2010-12-15 19:06:46 | Anonymous
Miller:
Wouldn't a transition to IFRS via convergence (i.e. replace US GAAP with IFRS based standards) instead of adoption (i.e. toss out US GAAP and adopt IFRS as issued by IASB) relieve some of the issues you raise? If US GAAP and IFRS were the same regulators, investors and corporations would all benefit, no?
2010-12-14 20:05:01 | Paul B. W. Miller
With all due respect, Mr. Goldschmidt is mistaken on several counts, even severely so. The most important is his assumption that the current set of IFRS represents high quality accounting standards. It does not (and neither does GAAP). The second mistake is his presumption that the IASB is adequately equipped to develop high quality accounting standards. It is not (and neither is FASB, but the latter is better positioned than the former to produce the reforms that are sorely needed to produce truly useful financial statements). The third is his threat that the U.S. would be isolated in the capital markets for failing to adopt a minimally different but not demonstrably better set of standards. It will not be (in fact, IASB will be the one that is isolated without its current support from the U.S.). The fourth is that the SEC is in the position to snap its fingers and adopt IFRS. It is not because its authority to set standards is created by the Securities Acts (33 and 34) and its ability to delegate that authority to an external agency is spelled out in Sarbanes. That Sarbanes provision requires the SEC to exercise oversight over the designated standard setting agency and fund its budget through fees levied against SEC registrants in proportion to their market capitalization. This leaves two possibilities: either the IASB agrees to accept the funding and submit to the SEC’s oversight, which is totally infeasible, or the Congress agrees to give up the SEC’s control (and protection) over the standard setting process and turn it over to an international body that is beyond its oversight and protection as well as immersed in a political milieu characterized by interests that are often inimical to the U.S. This latter change is even more infeasible because it would have to be justified as being better for U.S. investors and capital markets.

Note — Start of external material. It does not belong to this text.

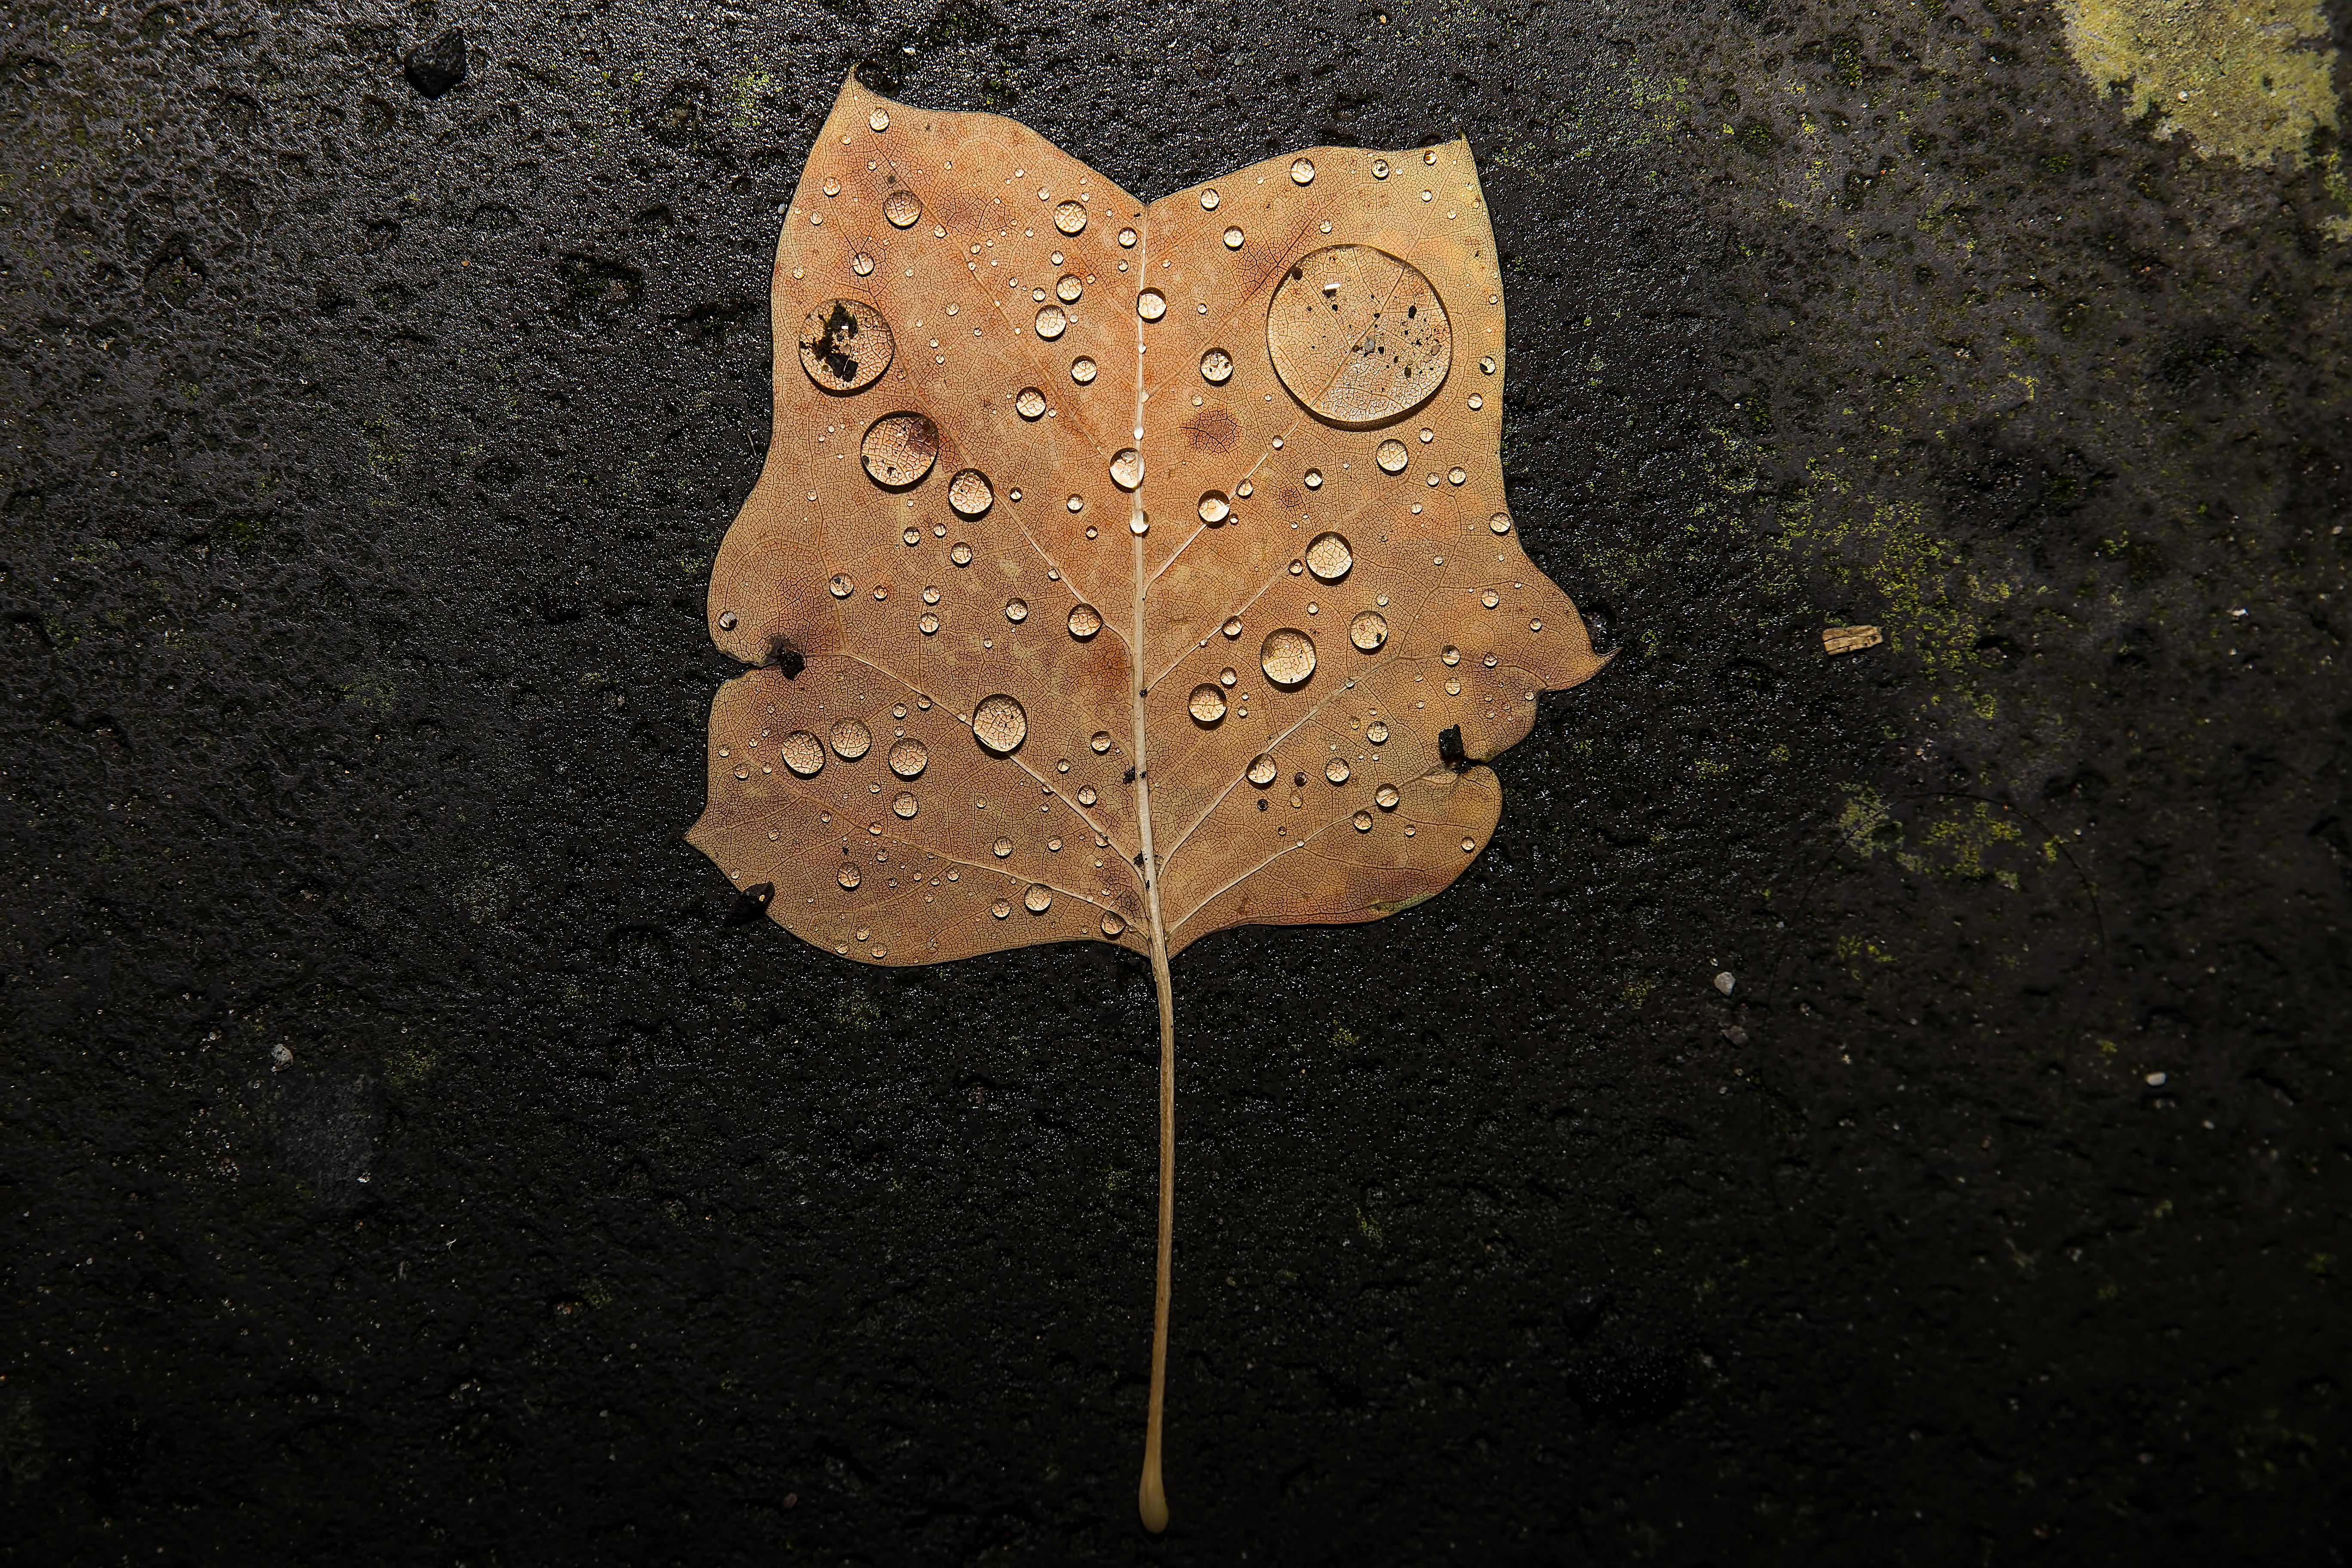 Autumn and the rain

I will leave it to others to explain why Mr. Goldschmid, as a former Commissioner, and as a key participant in standard setting, would seemingly be oblivious to these insurmountable obstacles. I am also mystified as to how he can read the information being released by the SEC on this topic and not conclude that adoption is out of the question in the near or intermediate future.

There is more to be said, but I’ve said enough, I’m sure.
2010-12-14 16:53:31 | Anonymous
As a CPA, Controller and masters program student, I'm continually being educated on the subject of IFRS. After taking a semester on IFRS at SDSU by a European professor who was touting IFRS as the thing that was going to save us all from future financial meltdowns etc. I began to understand that its really just a political power game. There's no real comparability when IFRS allows for even more management judgement than GAAP. GAAP started as a principles based set of standards, however, the greed of man historically necessitated the buildup of rules and current gold standard GAAP we have. We need competition even with accounting standards. One monopoly of standards does not sound like a good idea for continual improvement and keeping people 'on their toes'. Currently IFRS is allowing different nations to carve out their own special brand of IFRS to suit its needs. How does this give us comparability? The list why we should move to convergence instead of adoption could go on and on. It behoves all CPA's and professionals that have a stake in this to educate themselves on the subject and not just regurgitate the talking points the proponents continually try to shove down our throats. Many have much to gain from adoption, particularily the Big Four who are frothing at the mouth for the next full employment SOX404 act. We may in the end be doing untold damage by a switch to IFRS. For me, the extra rules for PP&E seem overboard. However, revenue recognition is more lack under IFRS. Hmmm. Sounds a bit backwards in terms of financial statement risk. Again, there is little comparability to be gained and we will give up soverign powers by a switch to IFRS as an international body, the IASB, will now promogulate our accounting standards. Let's keep it Red White and Blue people!
2010-12-14 16:49:27 | Anonymous
As the leader of the free world, the USA is already isolated so that threat rings empty. The threat of fragmentation costs are a consequence of promoting a class of global citizens to become global deciders of economic value.

Prepare for both because mark to market accounting, a cornerstone of IFRS, is bad for free enterprise capitalism enjoyed in the USA.